Он обиженно поджал губы, но мне было не до хороших манер. Алина первым делом вцепилась в отдел моды, жадно просмотрела картинки, раскритиковала нашу работу в пух и прах и начала отдавать приказания налево и направо. Я уточняю — идиотские приказания. Вера слушала ее, затаив дыхание, поддакивала и с негодованием косилась на меня с Маринкой («ужо я вам!»). После чего мы вынуждены были переписать все статьи для ближайшего номера, а Маринка еще и переснять фотосессию босоножек. Та же кара (минус босоножки) постигла Ульяну и Всеволода. Они каждые две минуты со значением переглядывались, прикидывая, кто из них будет следующим «на выход, с вещами!».
Артем ворвался в редакцию и затормозил у огромного монитора Миши. Возбужденно галдевшие фоторедакторы вмиг затаились.
— Я вас предупреждал! — развернулся к нам Артем.
Он обвел редакцию яростным взглядом и задержал его на Елене.
— Это что, саботаж? — спросил он у нее.
— Михаил всегда был несдержан, — тут же нашлась Елена.
— Даааа? А почему же он здесь работал? — не отставал Артем.
— Он был лучшим, — вдруг раздался голос Всеволода.
Я не знаю, кто больше удивился — мы или редакционный директор. Чтобы Всеволод признал кого-то из нас лучшим?!
— Лучшим?! — взвился Артем. — Да он…
— А вот его личная жизнь вас не касается, — спокойно продолжил Всеволод и начал собирать свой портфель.
— Вы уволены! — наконец нашелся Артем.
Всеволод пожал плечами:
— Мне никогда не нравилась работа в глянце, — и ушел.
У Ульяны был такой вид, будто ее опередили на пути к сердцу Абрамовича.
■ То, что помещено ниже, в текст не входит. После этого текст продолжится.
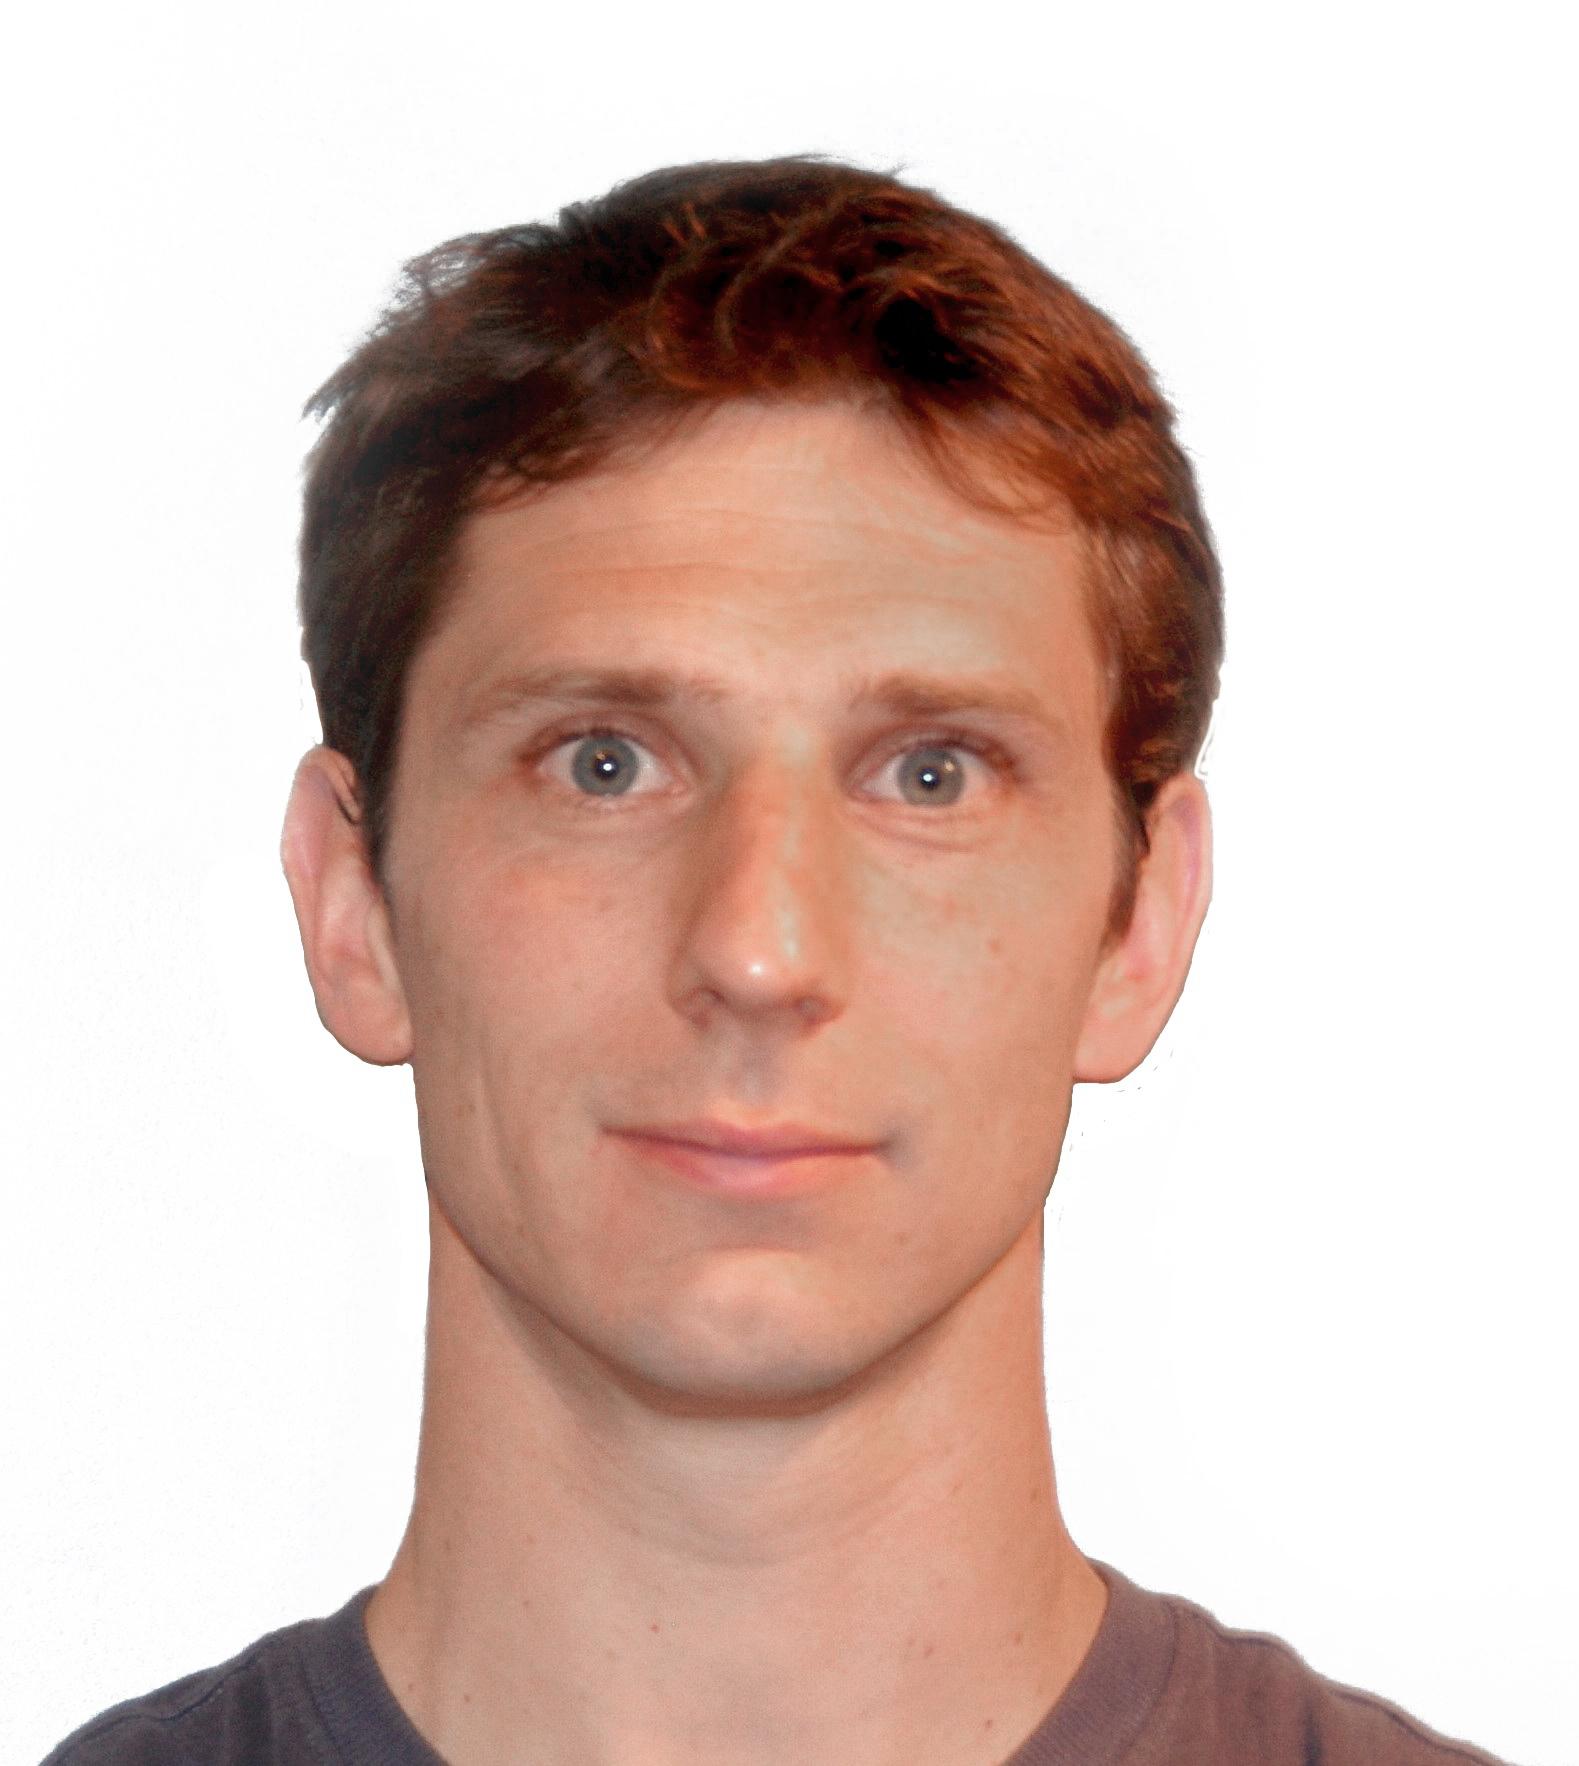 Benoit Pairot de Fontenay

Ничего, Уля, господин редакционный директор еще здесь и ты успеешь напроситься на увольнение.
— Кто-нибудь еще хочет высказаться? — развернулся к нам взбешенный Артем.
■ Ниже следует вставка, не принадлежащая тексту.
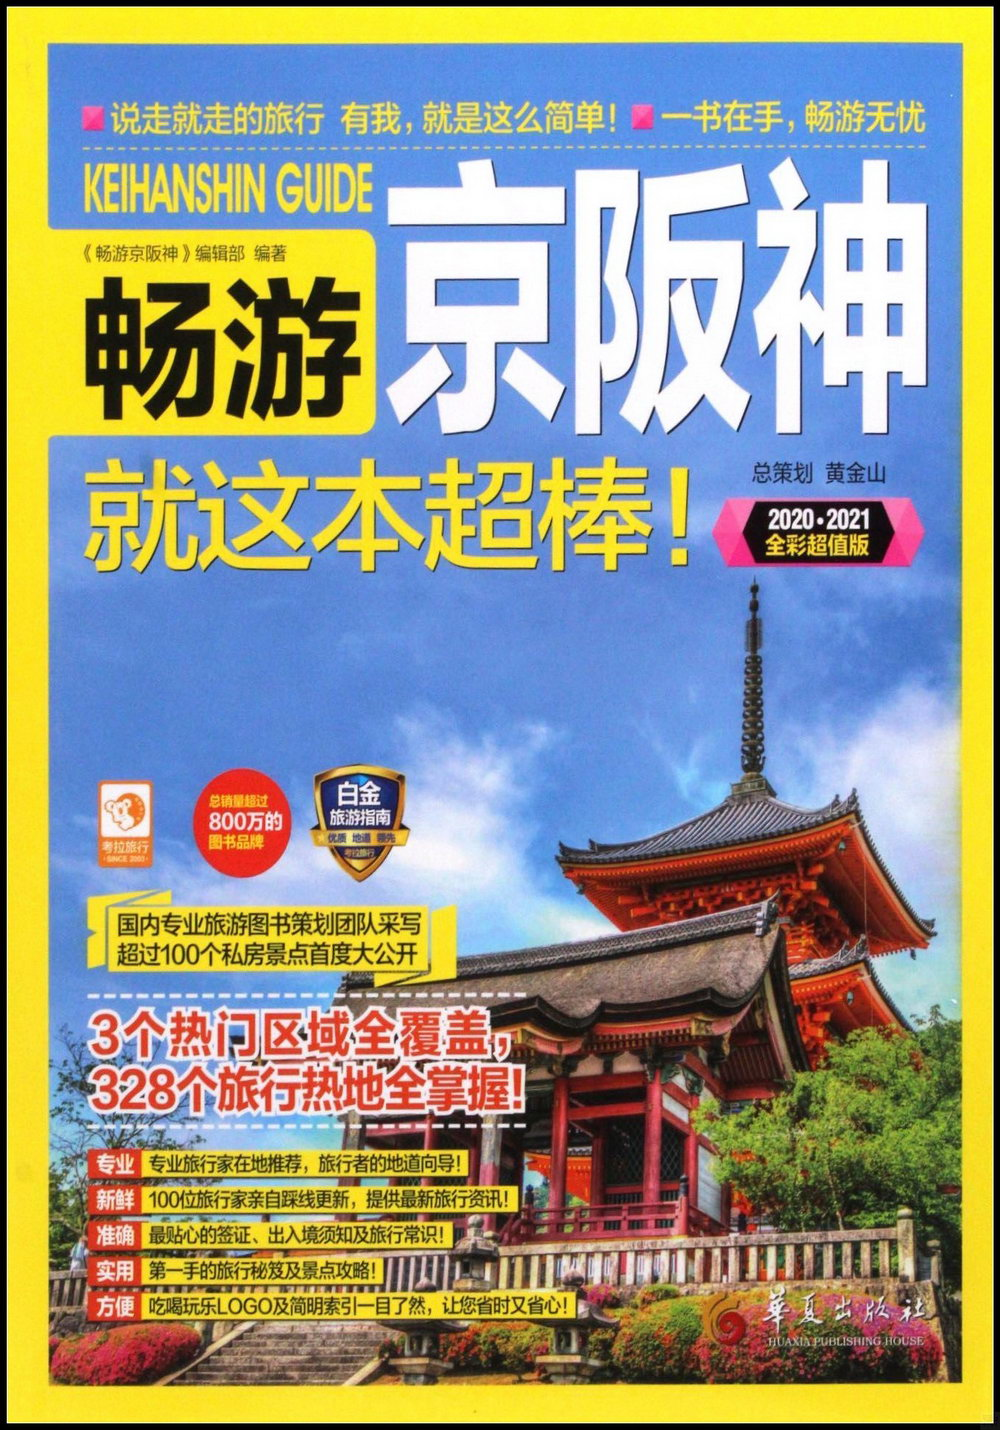 暢遊京阪神就這本超棒!(2020·2021全彩超值版)

Желающих было хоть отбавляй, но нам, в отличие от Всеволода, работа в глянце нравилась. Я опустила глаза, у меня дрожали руки. Редакционные войны забирают кучу сил и энергии, которые могли бы пойти на дело и творчество. Но редакционные войны будут всегда, пока существуют редакции модных журналов.
— Девочки, — обратилась к нам Вера, как только за Артемом захлопнулась дверь, — ваши статьи никуда не годятся, вам нужно их переписать.
— Мы же их только что переписали, — изумилась Маринка.
— Алину, — Вера со значением кивнула на дверь кабинета, — не удовлетворила ваша работа. Попытайтесь еще раз доказать вашу квалификацию.
Мы с Маринкой в ужасе переглянулись: она над нами издевается?!
Внезапно запиликал мой мобильный. Вера недовольно поджала губы. Я посмотрела на экранчик.
— Вера Игоревна, мне нужно выйти, — схватив телефон, я помчалась в туалет.
— Да! — почти крикнула я в трубку.
— У тебя все в порядке? — спросил Закревский.
— У меня — да! — быстро ответила я, наблюдая, как Римма моет руки.
— Я звонил тебе несколько раз… — чуть помедлив, сказал он.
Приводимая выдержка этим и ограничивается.